This dynamic duo is attacking ALS in a whole new way AND in a whole new country:
Carlie and I are so excited we can’t hardly stand it. I applied and was accepted as one of three Patient Fellows for the International Symposium on ALS/MND Research in Glasgow this December 7-9. This is the second year of this program, with this Fellowship being about increasing the voice of people with ALS/MND at the Symposium sessions and following up with patient-centric recaps.

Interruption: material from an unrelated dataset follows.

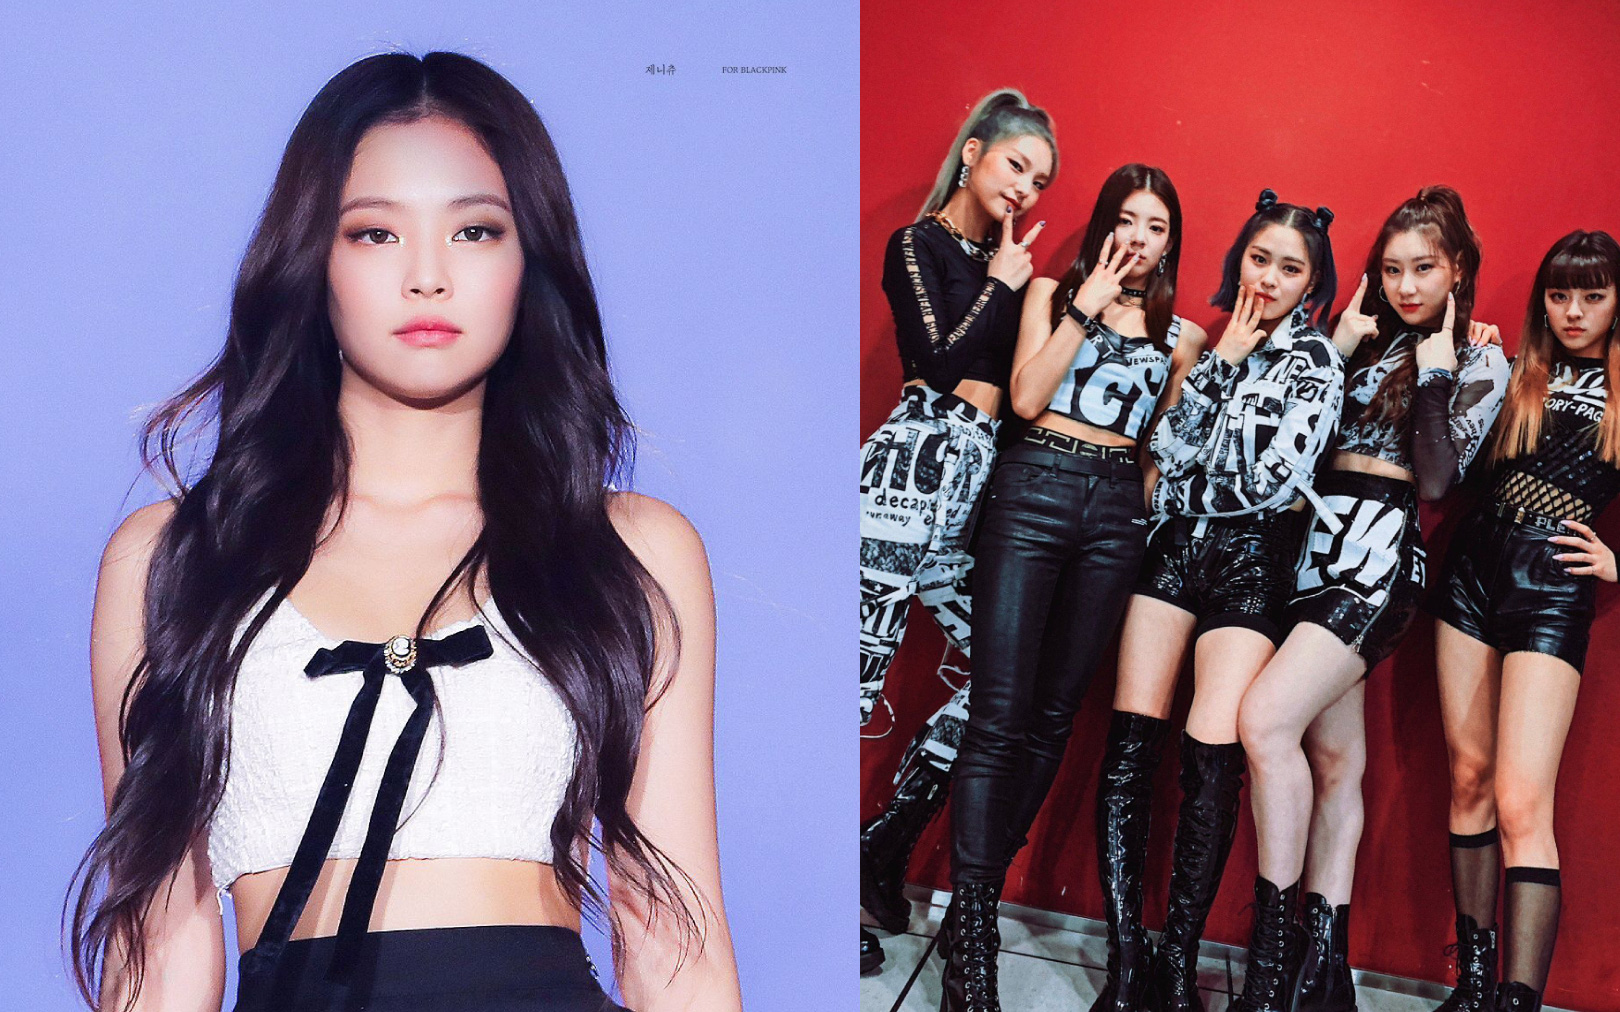 Sau scandal hỗn láo với Jennie (BLACKPINK), nhóm nữ Kpop mới lại được so sánh với "em gái" TWICE, TXT, NCT127
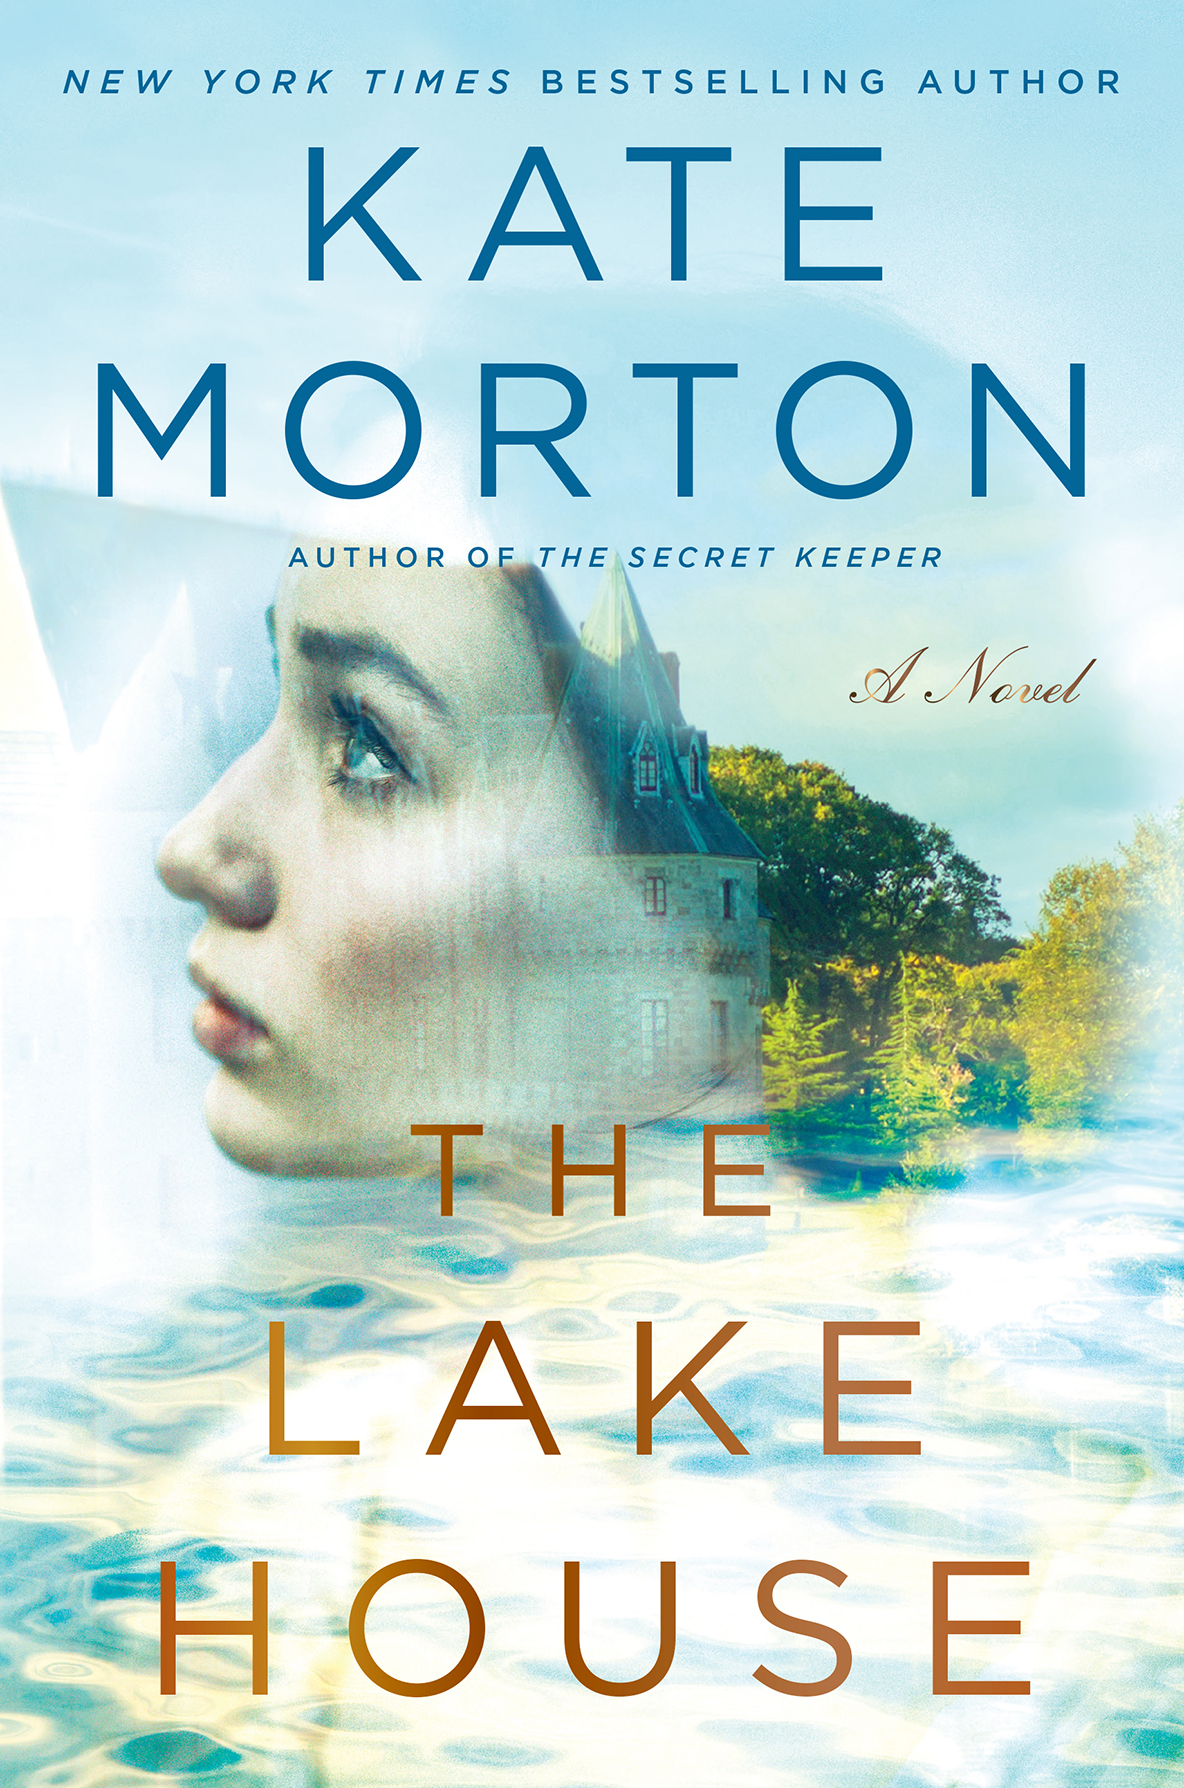 The Lake House by Kate Morton

Carlie and I took on Capitol Hill in May for the ALS Advocacy Conference so we’re pretty much professional ruckus causing fools. I learned of this opportunity from my friend Meg MacDonald who was chosen as a Patient Fellow for last year’s conference in Boston. Meg passed away earlier this year, but her spirit lives on, empowers me as I face difficult tasks each day, and adds fuel to my fire fighting this wretched disease.
Meg and I got each other, had the same sense of humor and love for the F word. We vented to each other, swapped jokes and stories, and had built a genuine friendship from thousands of miles away, sitting on opposite sides of our own computers. She would be so jealous of Scotland, but so so proud. We joked about her and I taking a “F ALS” vacation together, she wanted to see the Caribbean and I’ll use any excuse to travel. Our ALS progression complimented one another’s, mine being mostly in my limbs and hers in her bulbar areas (mouth, throat, chest, etc.), so she was responsible for the heavy lifting and I was in charge of ordering our drinks. We were the perfect pair. There are worse things than dying, and if Meg was here I believe she would tell you that her final days of drowning in reflux because of her ALS is as close to Hell as she would wish on anyone. I miss her every day.
So I’m going to Scotland to tell my story, and Meg’s story, and Dewie’s and Sharon’s and Susan’s and Christi’s – all of these strong, beautiful women that were ripped from us because of ALS. From the MND Association website:
“The key to defeating MND lies in fostering strong collaboration between leading researchers around the world, and sharing new understanding of the disease as rapidly as possible. This was the MND Association’s rationale behind the creation of the International Symposium on ALS/MND.”
In my acceptance letter was this:
“Thank you for being willing to help increase the patient voice in ALS research. I am confident that your participation at the Symposium will be rewarding both for you and for the researchers there.“
We are partnering with the ALS Texas Chapter on this opportunity. Plans are being made to blast our experience from Glasgow to Fort Worth and every where in between. If you have any suggestions on “Must See” or more importantly “Must Eat” please send those our way. If you have any ALS specific asks, questions, or insight that I can pass along while we’re there please let me know.
ALS Sucks, and this small town girl is doing everything she can to fight it.